Диана ласкала и целовала его, не допуская мысли, что может не встретить взаимности. Джеймсу не хотелось ничего объяснять, и он предпочел красноречиво молчать, не откликаясь на ее призывы. Как ужаленная, отстранилась она от него: худшие ее опасения подтвердились, ее снова отвергли, и он ничем не лучше других. Мгновенно потеряв четкость восприятия реальности, она оказалась во власти всех своих прежних сомнений: значит, это правда, думала она, значит, она недостаточно хороша, он пресытился ею.

В отчаянной попытке защититься, смягчить неминуемый удар, она стала нападать сама.

«Почему? – закричала она. – Чего ты добиваешься от меня? Почему ты причиняешь мне такую боль?»

Последний упрек она бросила хмуро, едва слышно, словно понимая, что он не совсем справедлив, она старалась поскорее избавиться от него.

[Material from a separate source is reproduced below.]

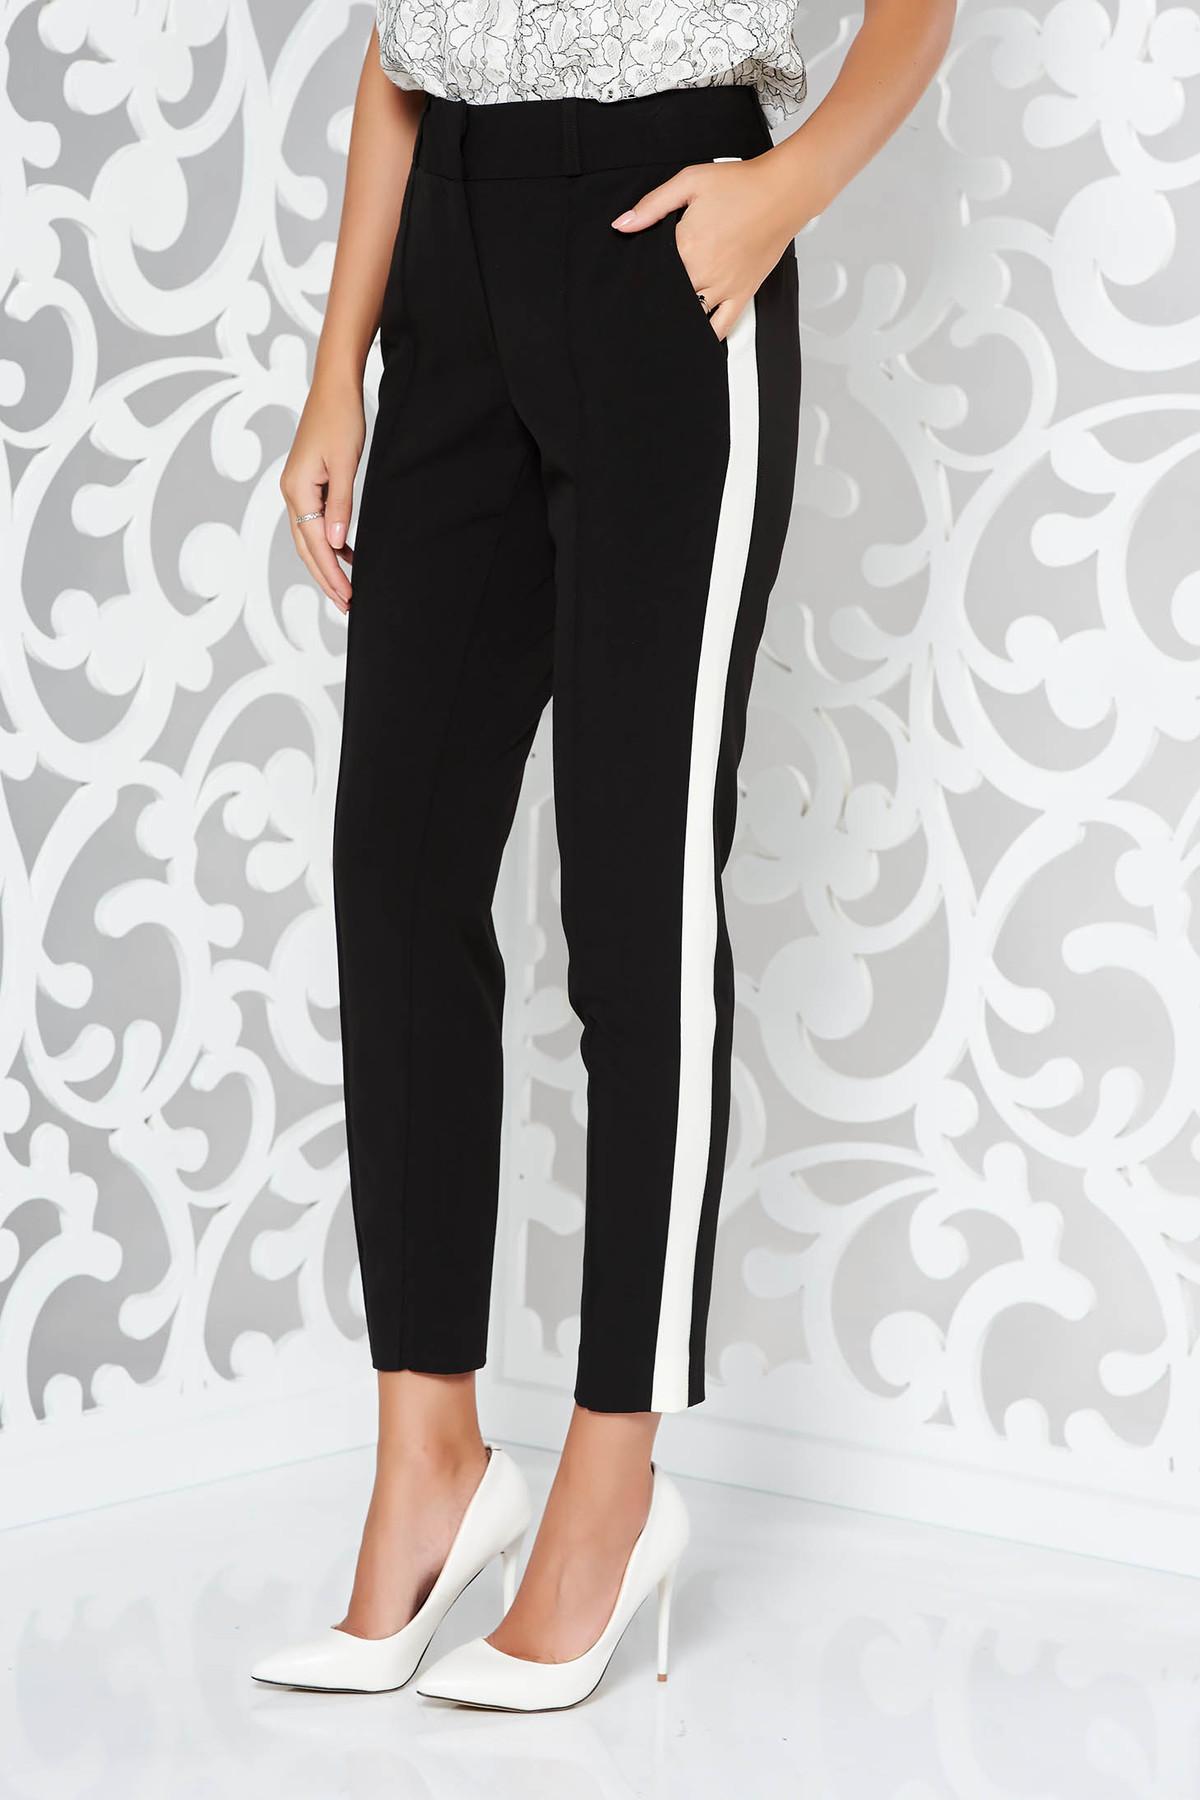 Pantaloni StarShinerS negri office cu un croi mulat din stofa subtire usor elastica cu buzunare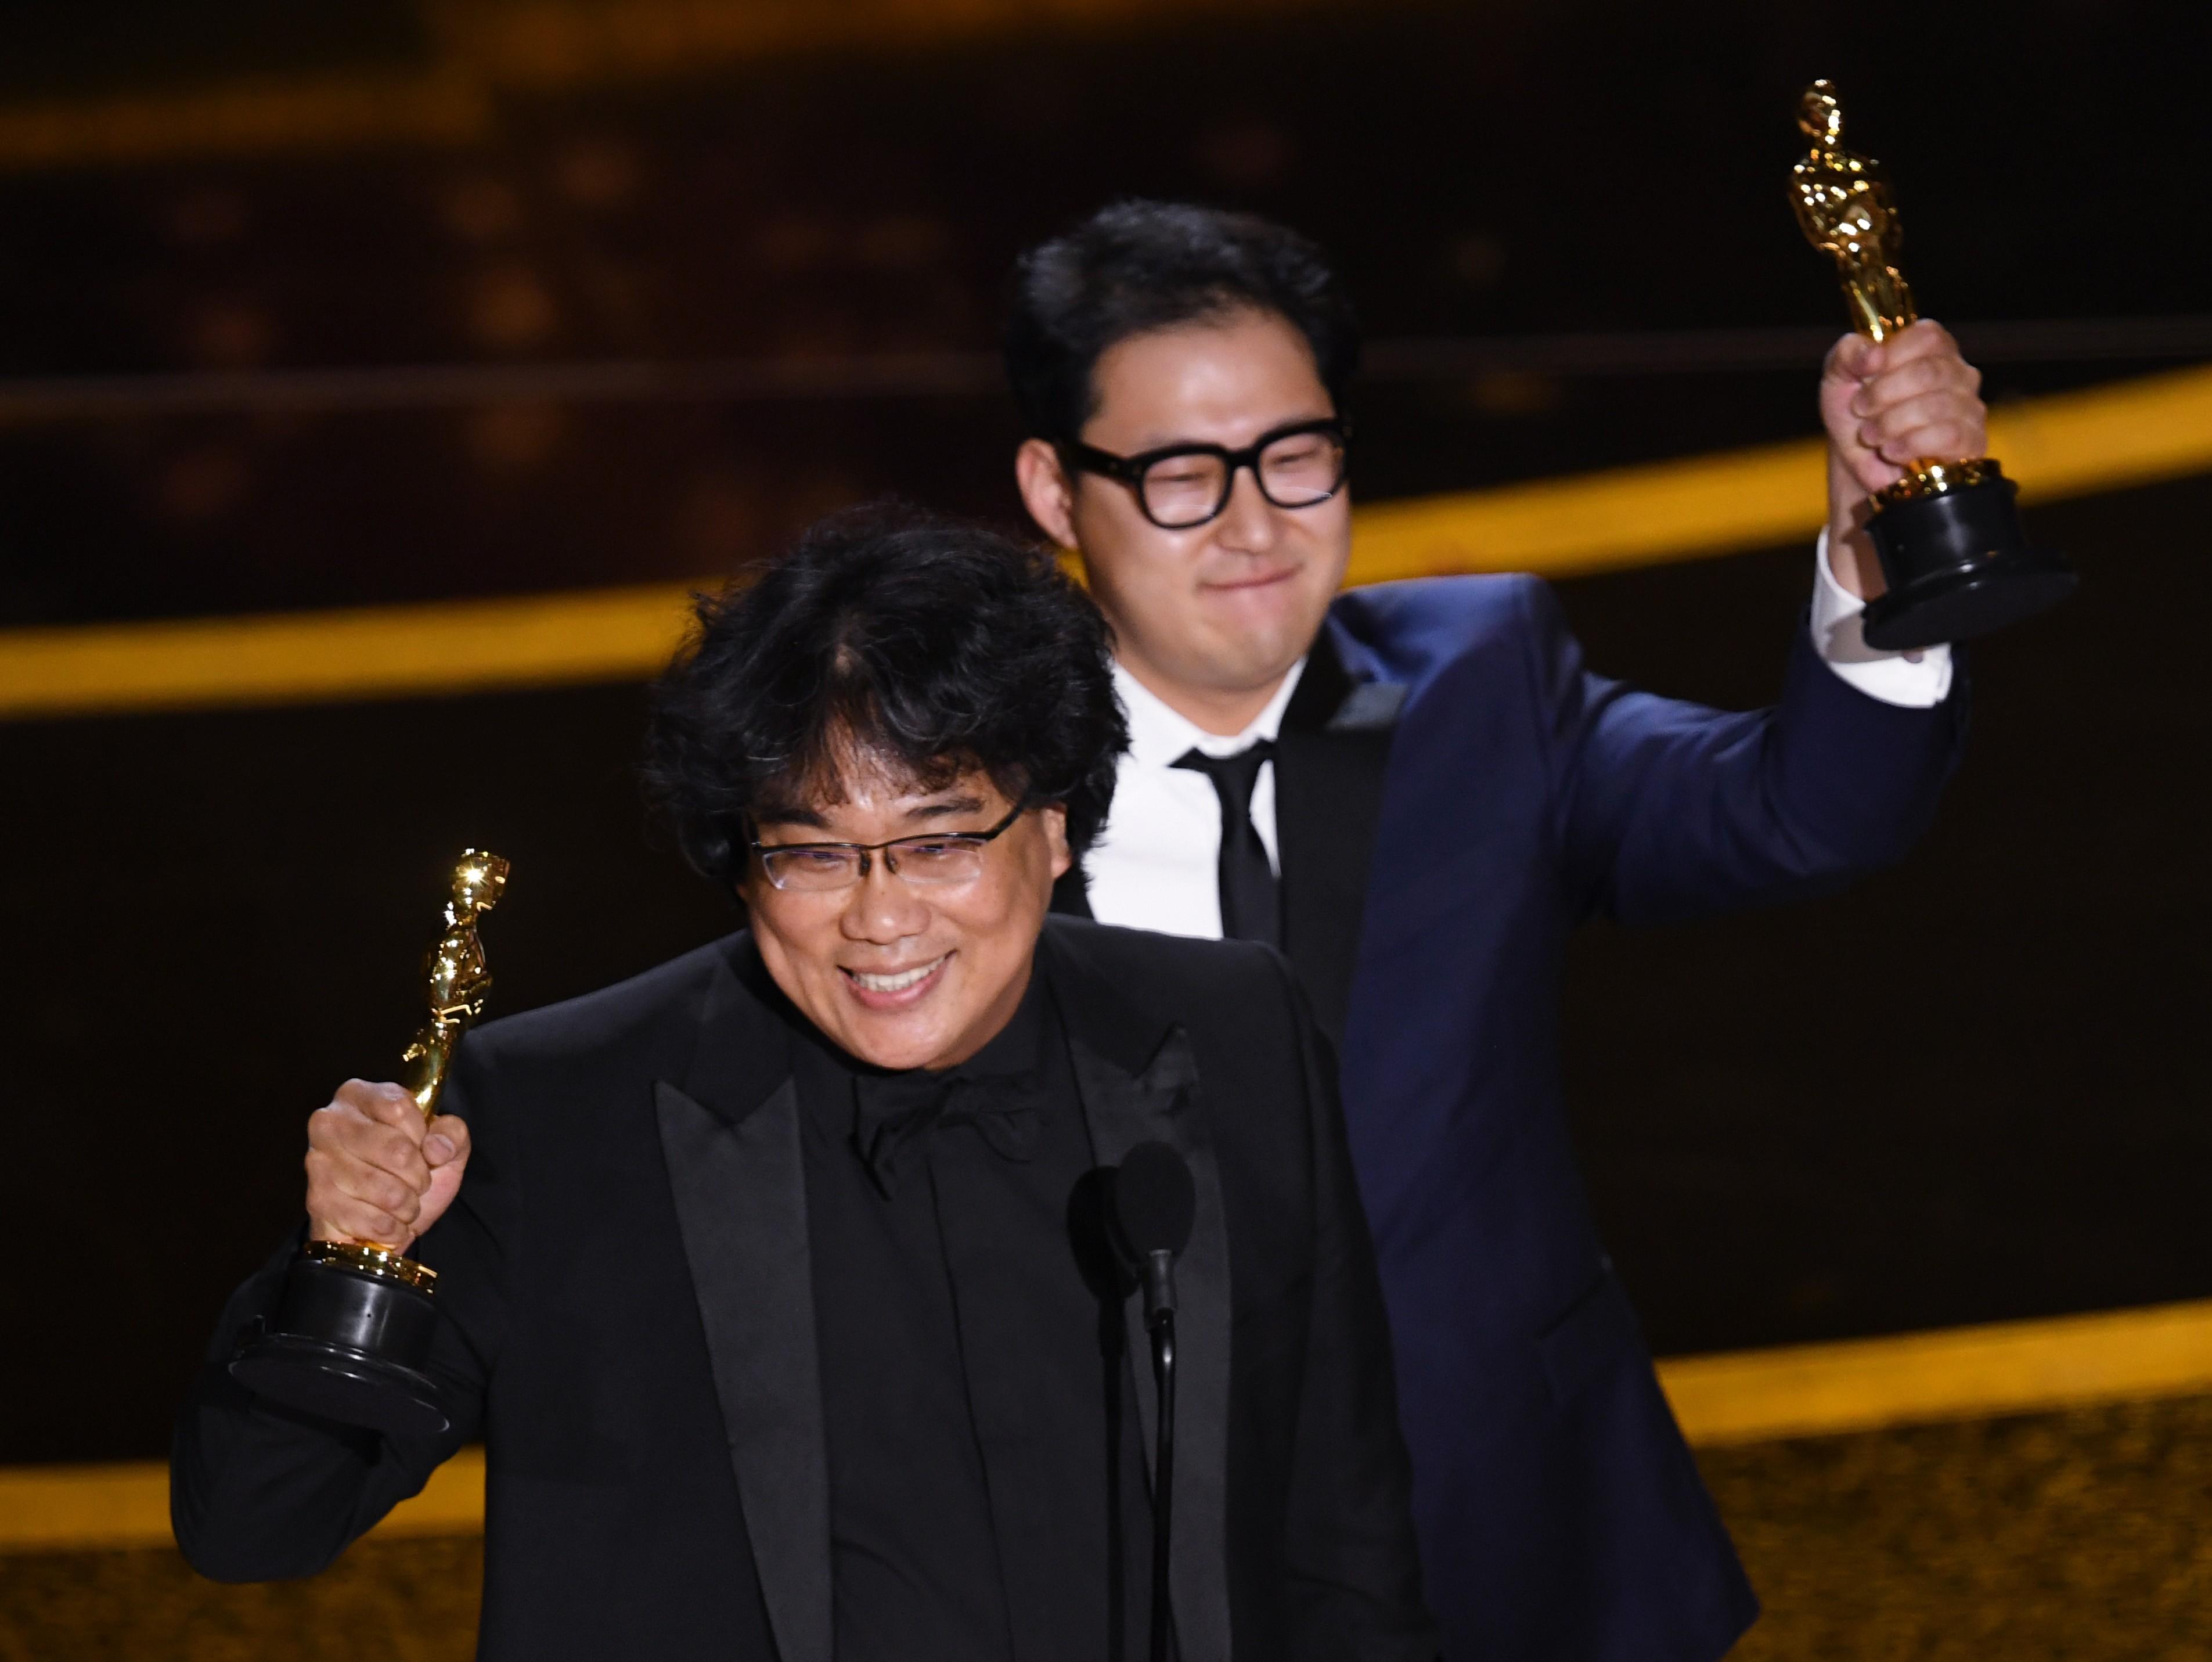 Bong Joon-ho e Han Jin-won após receber o Oscar de Melhor Roteiro Original por 'Parasita' Kevin Winter/Getty Images/AFP

Джеймс был утомлен. За последние два года он привык безоговорочно исполнять все ее желания. Но как она не понимает, что сейчас его отказ продиктован именно безграничной любовью? Он ведь не бездушная машина. Зачем она унижает его, унижает его мужское достоинство? А ему хотелось всегда быть с нею честным и неповторимым.

Услышав нотки недоверия в ее голосе и увидев ее ярость, впервые за время их романа он рассердился на нее и обиделся. Ее выходка была неоправданна и смешна. Если бы злость не мешала Джеймсу трезво и честно оценить ситуацию, он бы понял, что ее гнев, способность мгновенно впадать в крайности, скорее, заслуживали сострадания. Ее легкоранимость, ее способность так внезапно терять самообладание крайне беспокоили его.

Однако сейчас гордость не позволила ему прийти ей на помощь, утешить ее. Вместо того он заговорил тихо, но твердо. Он сказал, что любит ее, что всегда стремился доставлять ей счастье, но он все-таки не машина, которую можно включать в любой момент по своему усмотрению. У него тоже есть чувства и желания. И ничего такого не произошло. Он просто устал. И ей не следует принимать это на свой счет, она должна понять его правильно.

Он отсел в сторону и отвернулся, с большим трудом сохраняя спокойное выражение лица.

Диана не могла выносить его хладнокровного самообладания. Она не могла понять, как он может сидеть спокойно, видя, в каком она состоянии, не могла поверить, что он не подойдет к ней прямо сейчас и не прижмет ее голову к своей груди, давая ей выплакать свою боль. Он вел себя в точности как Чарльз, не замечая ее страданий. Это было выше ее сил, и с воплем боли и отчаяния она побежала по полю.

Джеймс не пошел за ней. Злость сковала его. Ему уже не хватало терпения на эти театральные жесты. Кому они нужны? Довольно.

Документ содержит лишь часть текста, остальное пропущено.